**WHAT IS REQUIRED**
What must be handed in is the entire listing, exactly as written, with no pictures.

**DATA EXCERPT**
########
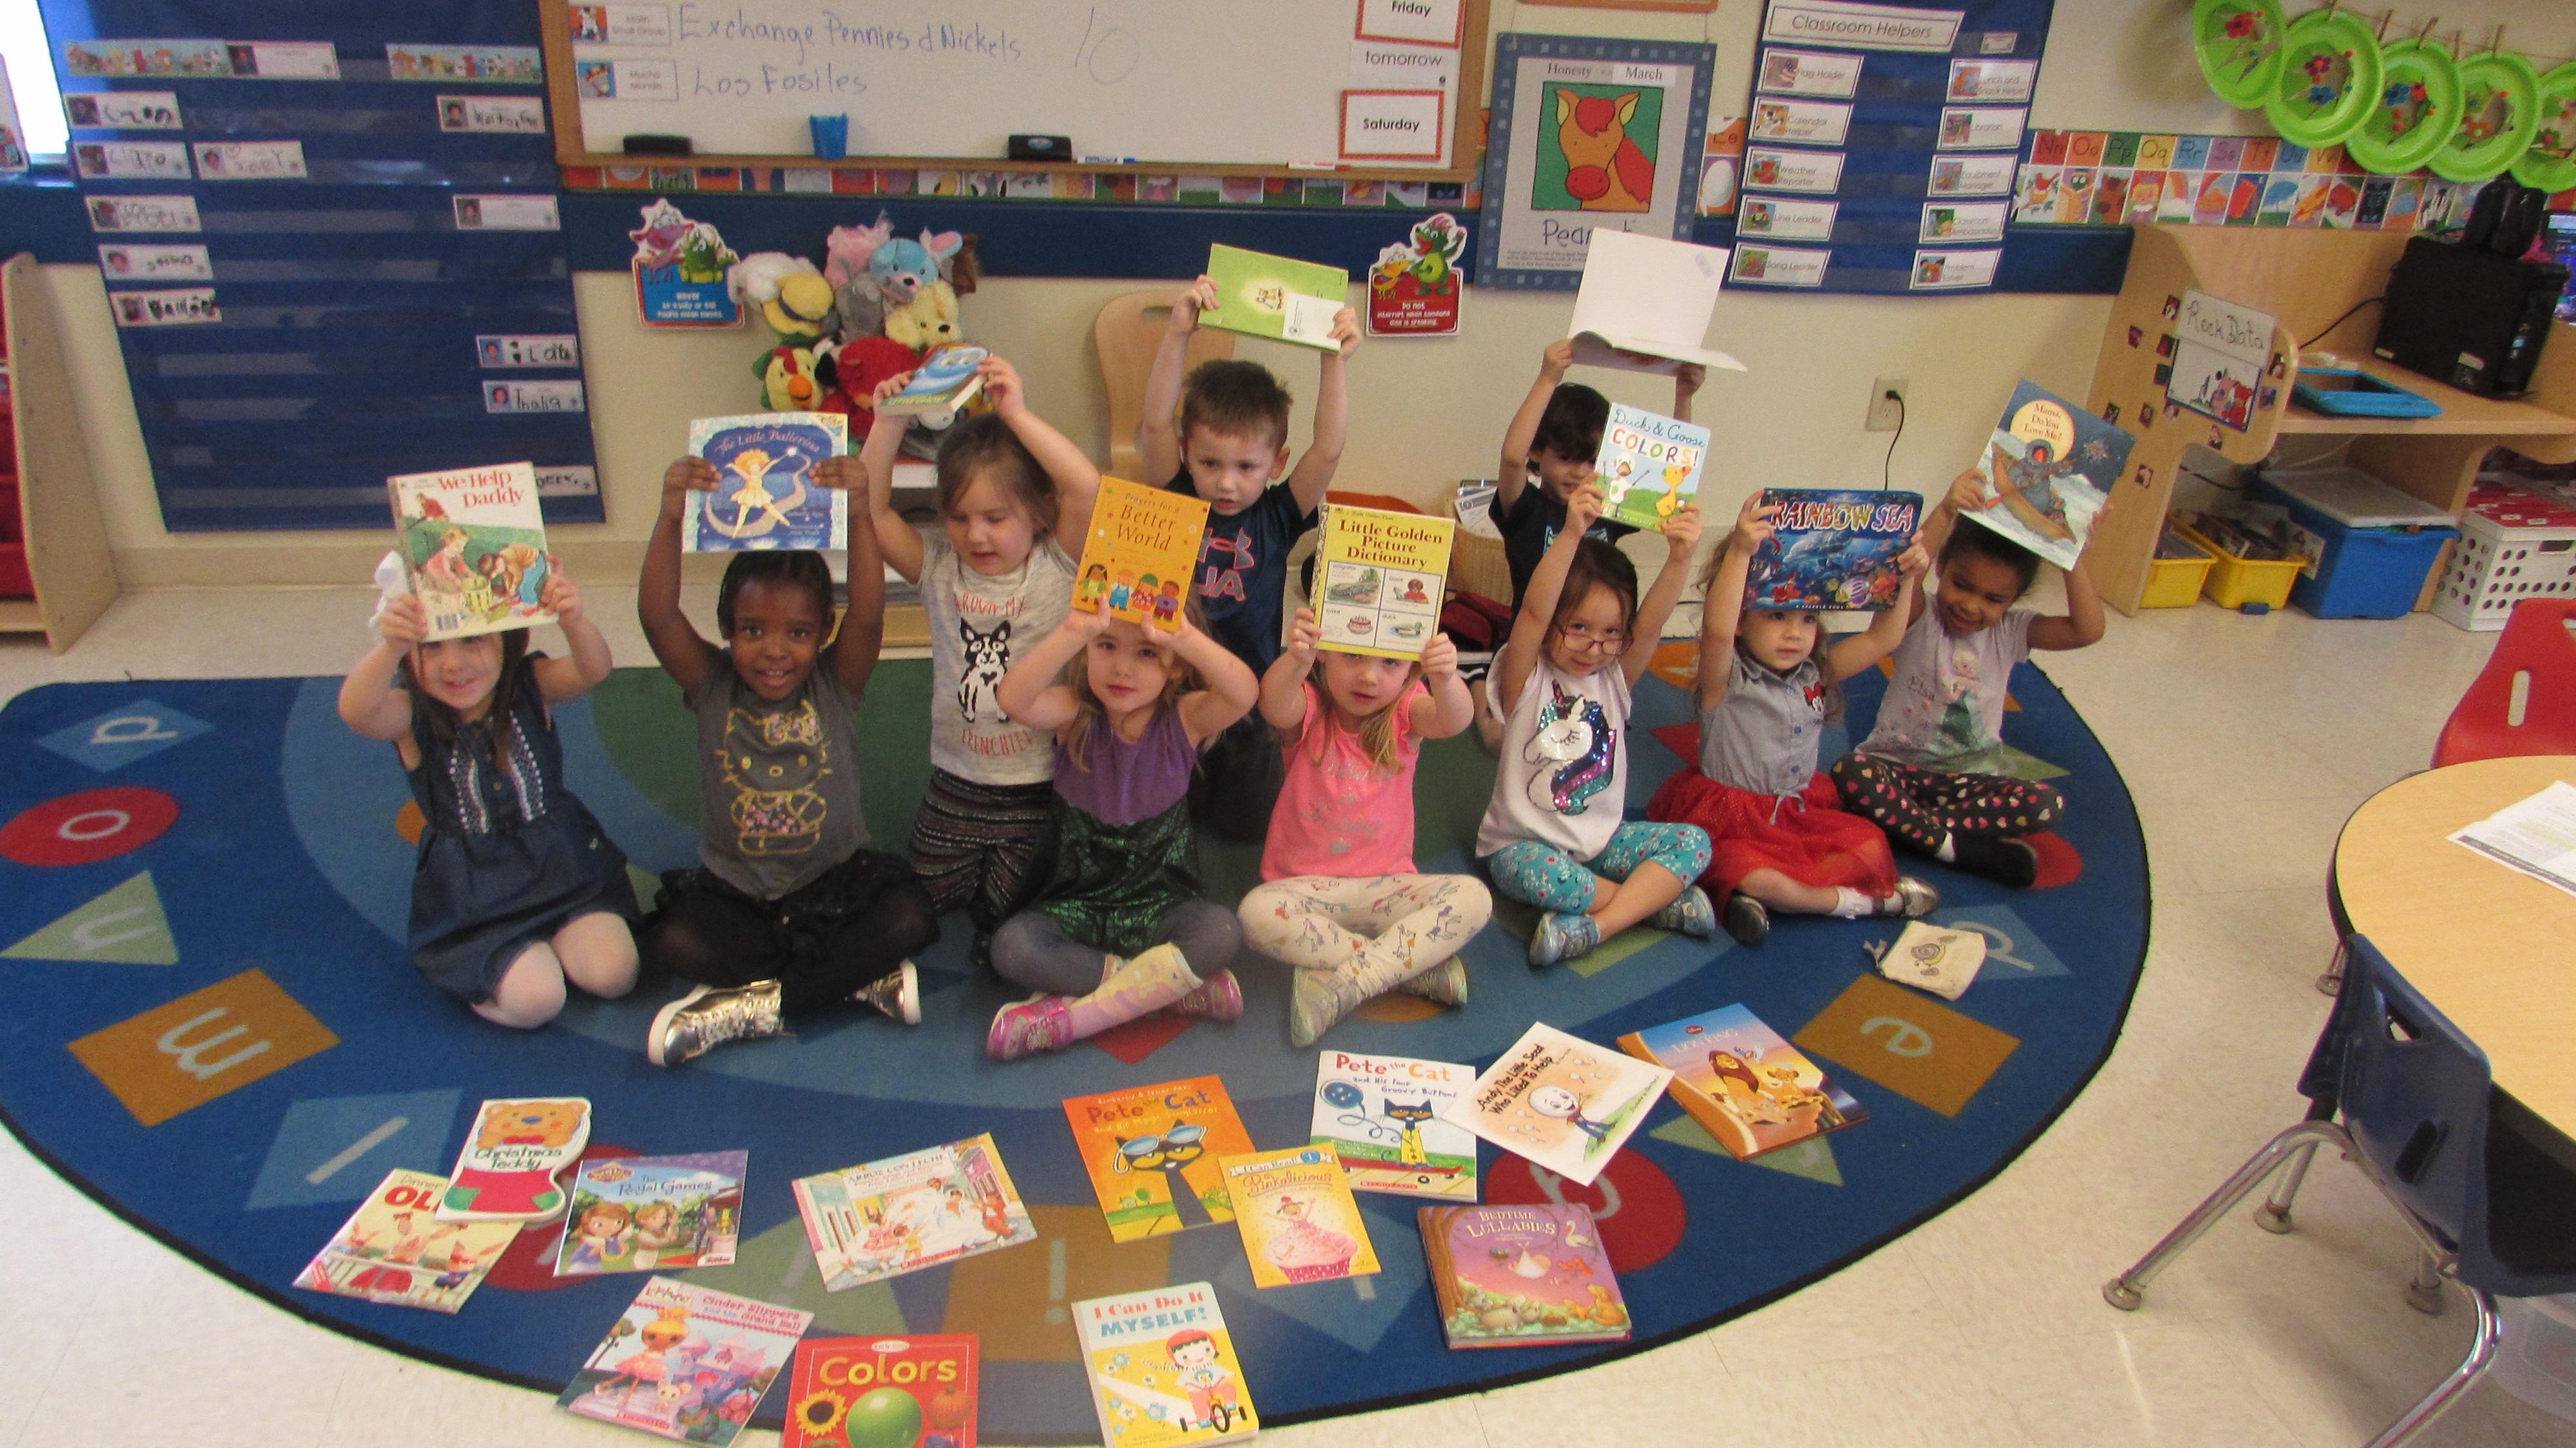 Primrose School of Clear Lake Educational Child Care Donates Books in Celebration of Read Across America
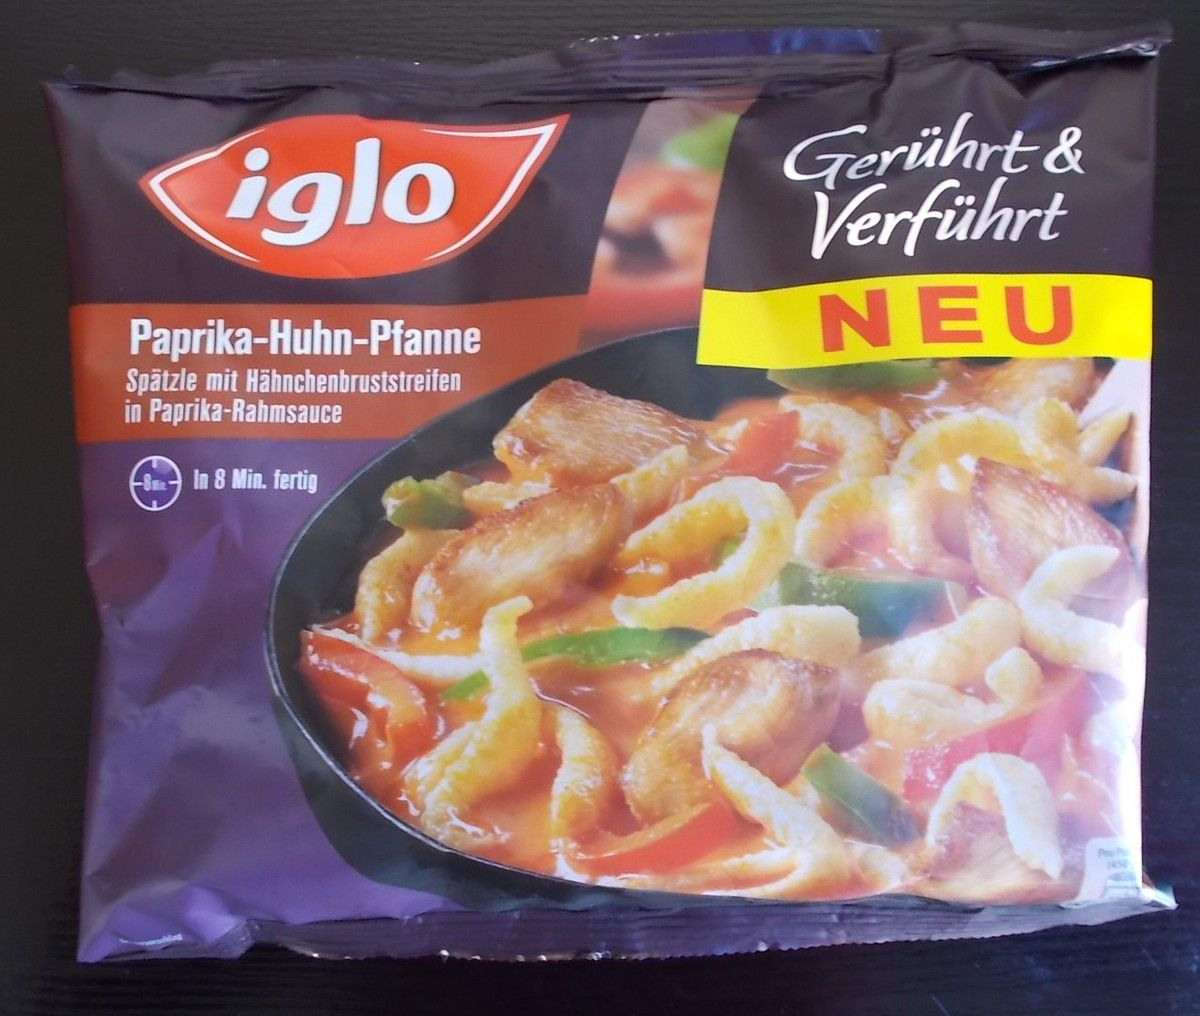 iglo Gerührt & Verführt Paprika-Huhn-Pfanne
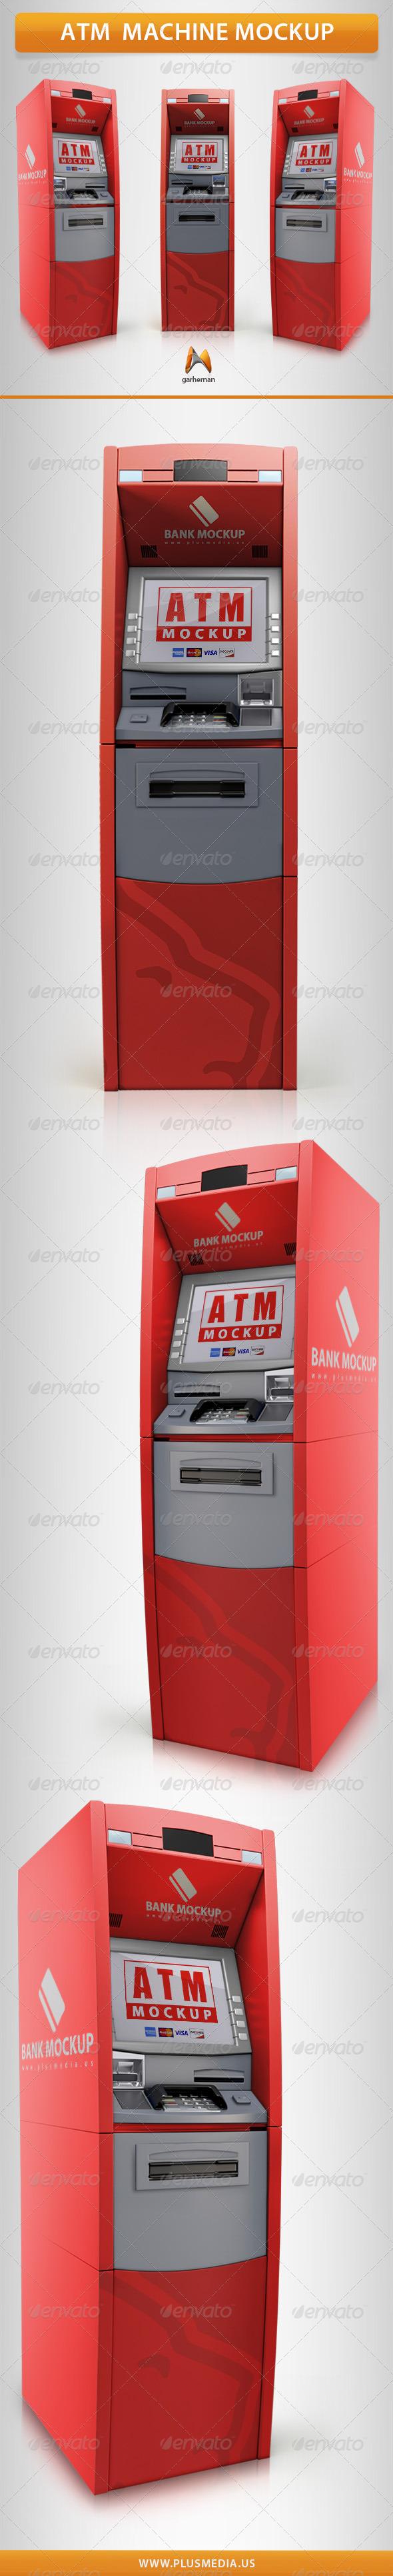 GraphicRiver ATM Machine Mockup 7060848
########
**SOLUTION TO THE PROBLEM**
 Primrose School of Clear Lake Educational Child Care Donates Books in Celebration of Read Across America
 iglo Gerührt & Verführt Paprika-Huhn-Pfanne
 GraphicRiver ATM Machine Mockup 7060848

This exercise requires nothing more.